Momper-Mitarbeiter kein Stasi-Agent

Überprüfung der Stasi-Akten ergibt, daß die Vorwürfe gegen Ralf Hirsch haltlos sind / Rechtliche Schritte gegen 'Bild am Sonntag‘ / Walter Momper verlangt öffentliche Entschuldigung des Blattes /  ■  Von CC Malzahn

Berlin (taz) - Die von der Zeitung 'Bild am Sonntag‘ gegen den Momper-Mitarbeiter Ralf Hirsch erhobenen Vorwürfe, er sei unter anderem bezahlter Agent des Ministeriums für Staatssicherheit (MfS) gewesen, sind gestern wie ein Kartenhaus zusammengebrochen. Denn in der zentralen Personenkartei des ehemaligen Stasi-Ministeriums gibt es keine Hinweise auf eine Spitzeltätigkeit des 1988 aus der DDR abgeschobenen Bürgerrechtlers Ralf Hirsch.

Nach Überprüfung der Dokumente könne mit Sicherheit ausgeschlossen werden, daß Hirsch „jemals offizieller oder inoffizieller Mitarbeiter des ehemaligen MfS gewesen ist“. Dies wurde gestern nach einer Einsichtnahme in die Akten in einem Protokoll erklärt. Daran waren neben Hirsch und seinem Anwalt Peter Danckert der Ostberliner Oberkonsistorialrat Ulrich Schröter und Staatsanwalt Hans Peter Hofmann beteiligt.

Hirsch ist seit Dezember vergangenen Jahres als Berater im persönlichen Büro des Regierenden Bürgermeisters Walter Momper tätig. Der ehemalige DDR-Bürger war in den 80er Jahren einer der führenden Köpfe der DDR-Opposition. 1988 wurde er zusammen mit Bärbel Bohley und anderen nach einer Demonstration verhaftet und gegen seinen Willen in den Westen gebracht.

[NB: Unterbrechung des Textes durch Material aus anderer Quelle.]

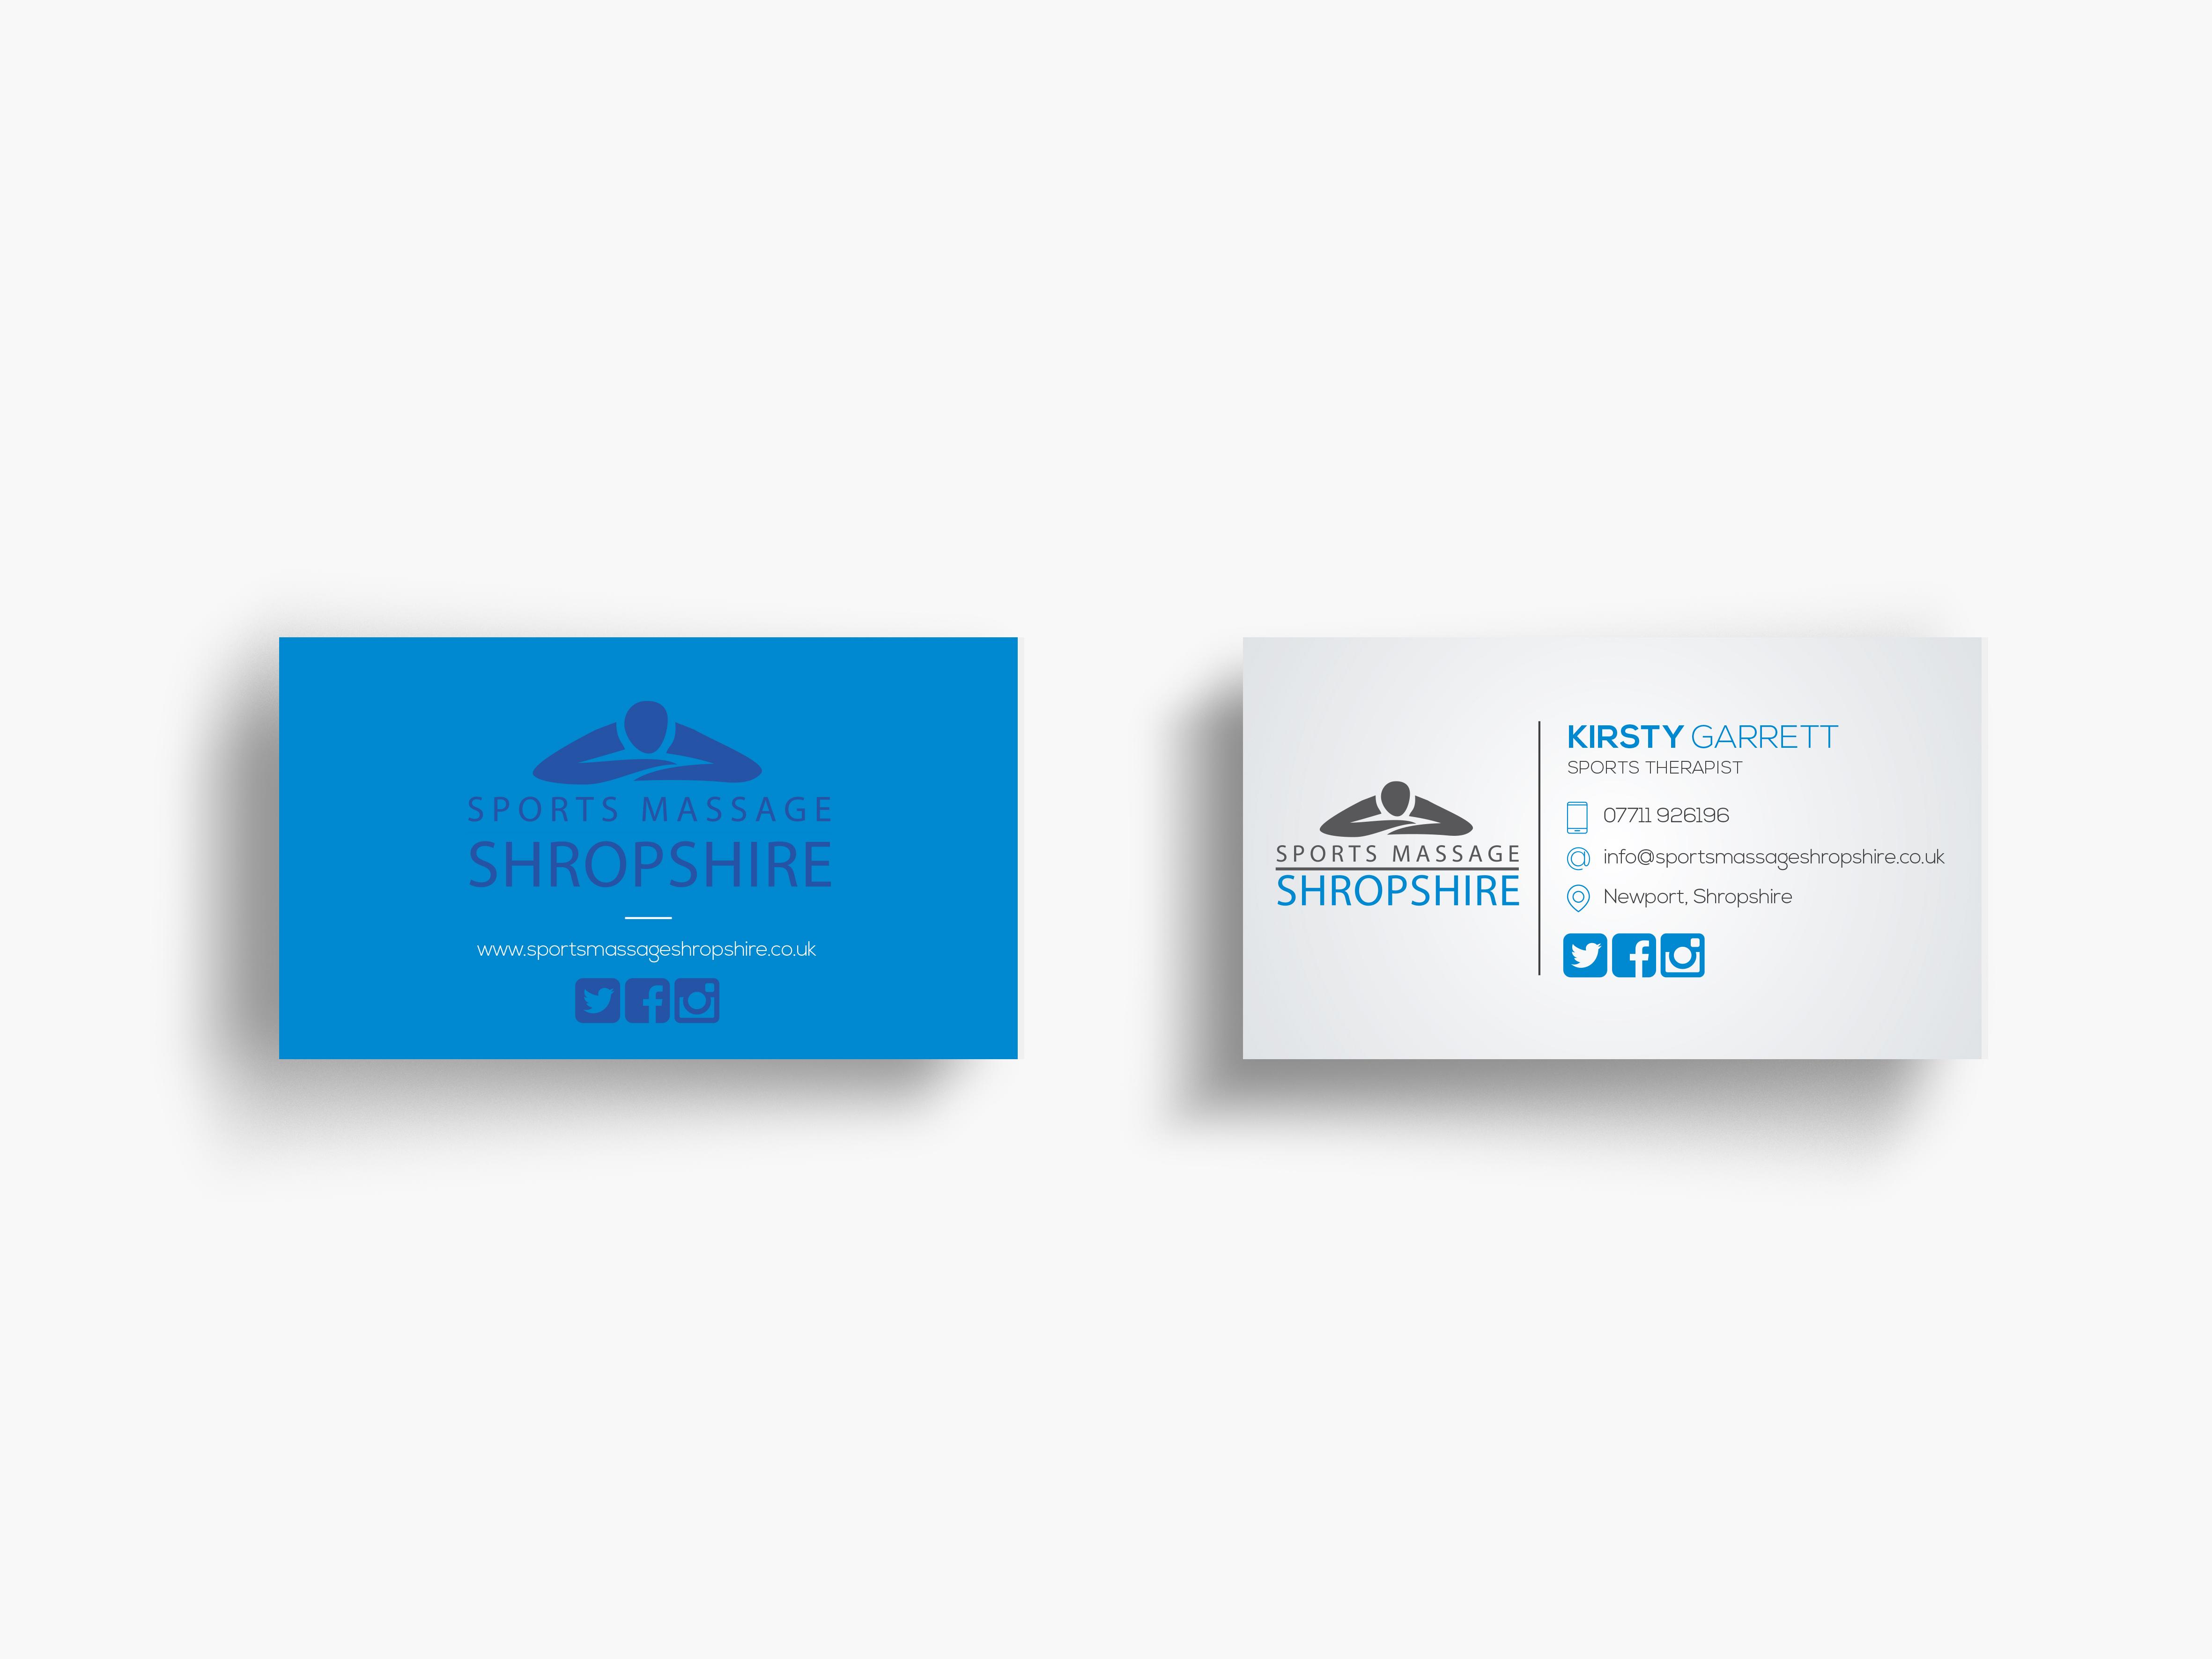 Sports Massage Shropshire Business Cards Portfolio Layout

In der zentralen Personenkartei des ehemaligen MfS existieren nach den Angaben des Anwalts von Ralf Hirsch, Peter Danckert, eine Personenkartei und drei sogenannte Vorgangskarten über Hirsch. Darüber hinaus wurden zwölf Aktenbände und vier Bände mit Beweismitteln aus den Jahren 1982 bis 1990 vorgelegt. Danckert meinte weiter, es sei „völlig ausgeschlossen“, daß weitere Dokumente auftauchen könnten, die die Vorwürfe gegen seinen Mandanten bekräftigen würden.

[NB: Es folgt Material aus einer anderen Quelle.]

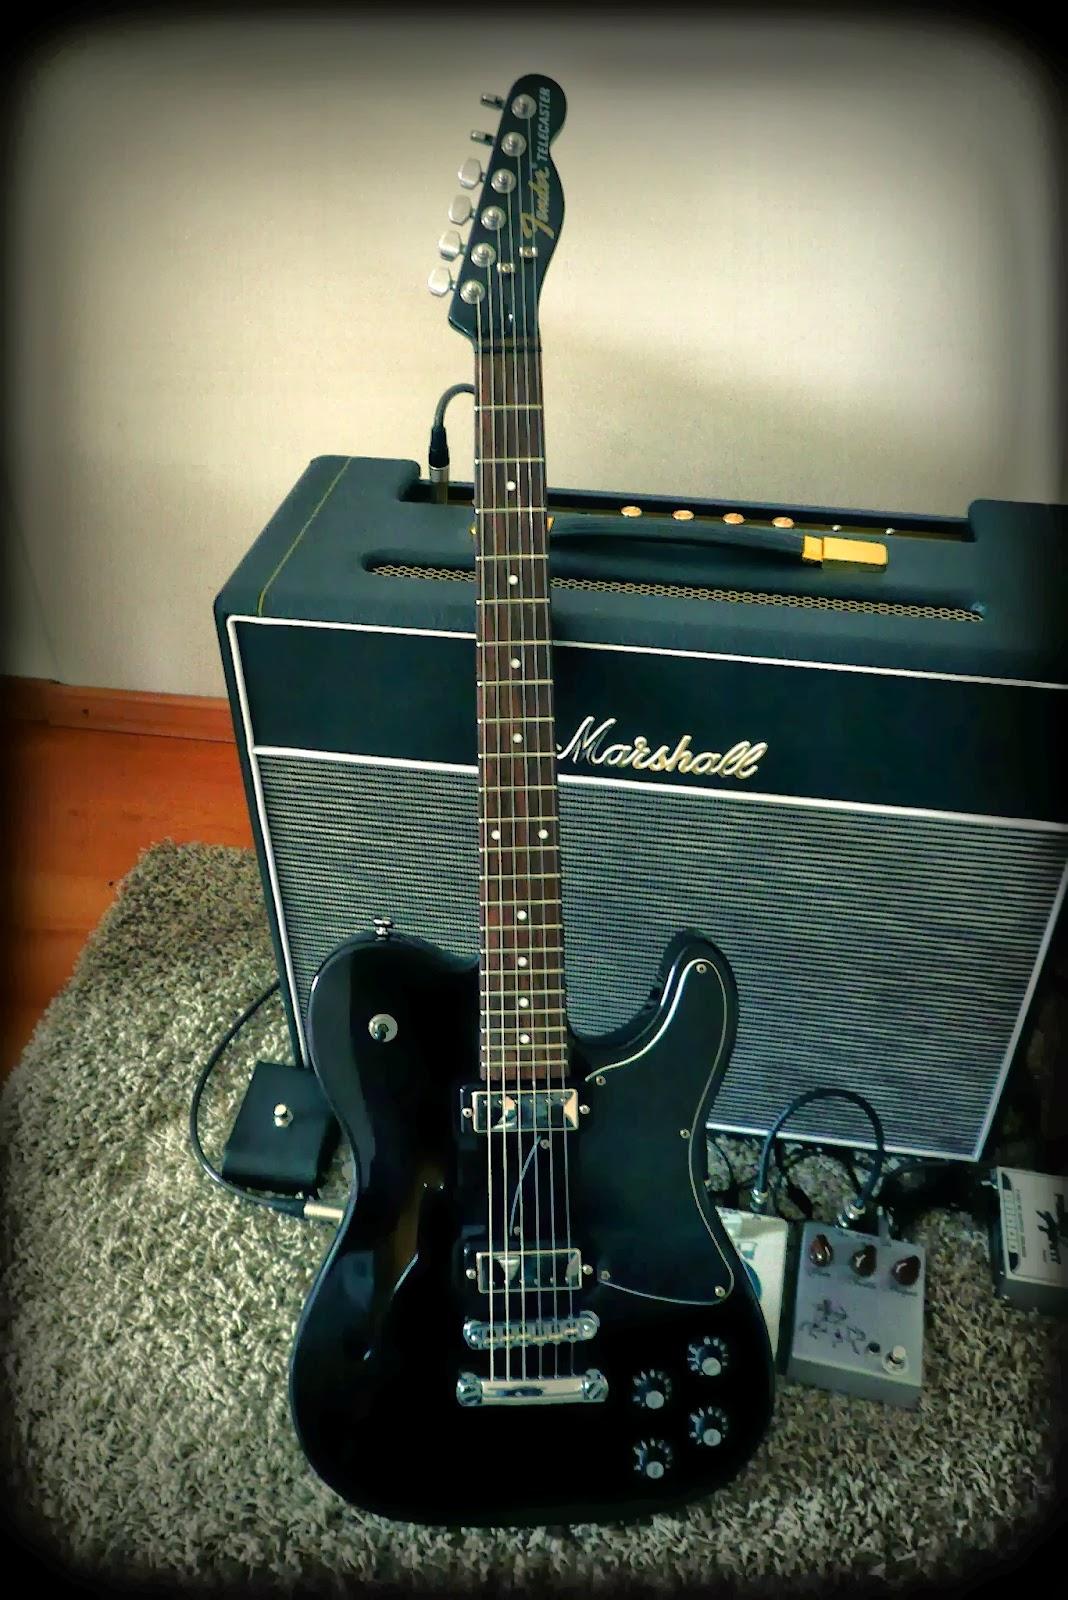 Supreme Vintage Tone: Guitars

Nachdem nun die Unschuld bewiesen sei, werde man sich mit der 'Bild am Sonntag‘ in Verbindung setzen, um zu klären, „wie die sich die Rehabilitation von Ralf Hirsch vorstellen“. Rechtsanwalt Danckert kündigte zugleich weitere juristische Schritte gegen das Blatt an. Walter Momper forderte das Springer-Blatt auf, sich öffentlich bei Hirsch zu entschuldigen. Er werde den Presserat auffordern, die Veröffentlichung der Zeitung zu verurteilen. Er nehme zwar an, daß man mit dem Artikel „andere treffen wollte“. Trotzdem sei er fassungslos darüber, daß ausgerechnet Ralf Hirsch, der über vierzigmal in Stasi-Haft gesessen habe, das Opfer einer solcher Kampagne werden konnte.

Hirsch erklärte, daß er im Jahre 1980 lediglich eine Verpflichtungserklärung für die Kriminalpolizei unterschrieben habe. Die Polizei habe ihm vorgeworfen, an einem Einbruch beteiligt gewesen zu sein. „Ich mußte mich verpflichten, an der Aufklärung des Falles mitzuwirken, um meine Unschuld zu beweisen“, erklärte Hirsch der taz. Er habe den Eindruck gehabt, daß dies nur ein Vorwand gewesen sei, um ihn anzuwerben. Im März 1981 habe man versucht, ihn als Spitzel auf Kirchenkreise anzusetzen. Daß er das abgelehnt habe, gehe aus den Akten eindeutig hervor.

Zur taz meinte Hirsch, daß er nun erst mal mit seinem unbekannten Berliner Namensvetter ein Bier trinken wolle: Ein im Telefonbuch verzeichneter „Ralf Hirsch“ wurde in den vergangenen Tagen nämlich Tag und Nacht von der Journaille belästigt. Der „echte“ Hirsch steht nicht im Verzeichnis.